A repost from Napkinwriter  September 19, 2015
I dedicate this to my friends, Duane and Marsha English
Duke, there are too many questions here, but we can make up the next step together, for I am along side of you.
Which question do you want to take on?
Where is Home? 
Lately, I’ve been involved in such a little matter of making order out of my little room where I spend creative time and energies when I write, draw, doodle, meditate or search the web.

Meanwhile all around me on a world-wide scale, millions of people are trying to make order of their lives, finding most of it destroyed by the violence of the human race or the ravishing energies of natural fires and disasters. Innocent people and their families are victims of random singular acts of violence; the threat of terrorism is ever-present. Whole nations are seeking new ground and new life in a setting which doesn’t threaten their daily way of life.

The sheer numbers are stunning and tend to make me feel like a sideline observer.

Yet, there is a call within that tells me I am a “companion on the journey”. That somehow, even in my own simplified and scaled down life, I walk with these others in compassion, in prayer, in belief and hope they  and all of us shall somehow be renewed. But just how do I “do something”?  Aren’t there many of us wondering that? Are there large needs that need to be fulfilled by small people or…..are there small needs that need to be fulfilled by large people?

Alfred Delp, who was a German Jesuit Catholic priest condemned to death by the Nazis in Berlin, believed and said we need to be men and women who are fulfilled. That faith is the path to fullness. “Fulfilled men and women are not pious caricatures,” he said. “They are people who are genuinely impregnated with the spirit of their calling, people who have prayed with all sincerity: make my heart like unto thine.”

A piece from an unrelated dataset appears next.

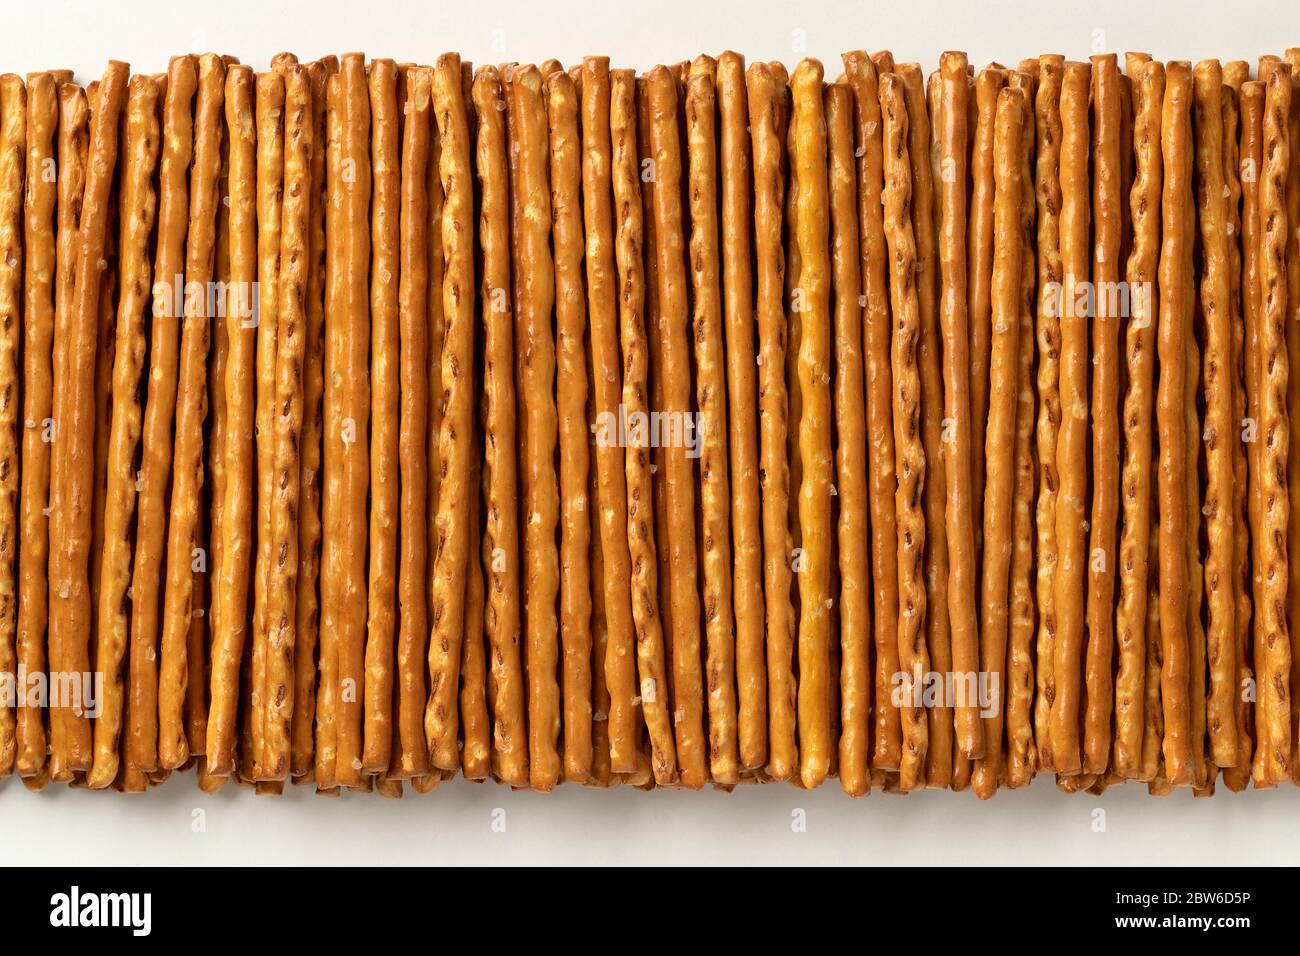 Crunchy salted pretzel sticks close up in a row Stock Photo

In the midst of the destructiveness, pain and suffering of the Nazi power-driven and mad regime, he called people to have willing hearts that beat with compassion and return to the ideal of….service.  He defined this as meeting people on their own ground, in all circumstances, with a view to helping to master the challenges at hand. “That means walking by his side, accompanying him even into the depth of degradation and misery. Go forth, our Lord said — do not sit around and wait for someone to come to you.”

Why do bad things happen to good people? This is the eternal mystery.  Psalm 33 explores it. “The designs of his Heart are from age to age, to rescue their souls from death and to keep them alive….” The promise is held in Jeremiah 29;  “I know well the plans, I have in mind for you, says the Lord, plans for your welfare, not for woe! plans to give you a future full of hope.”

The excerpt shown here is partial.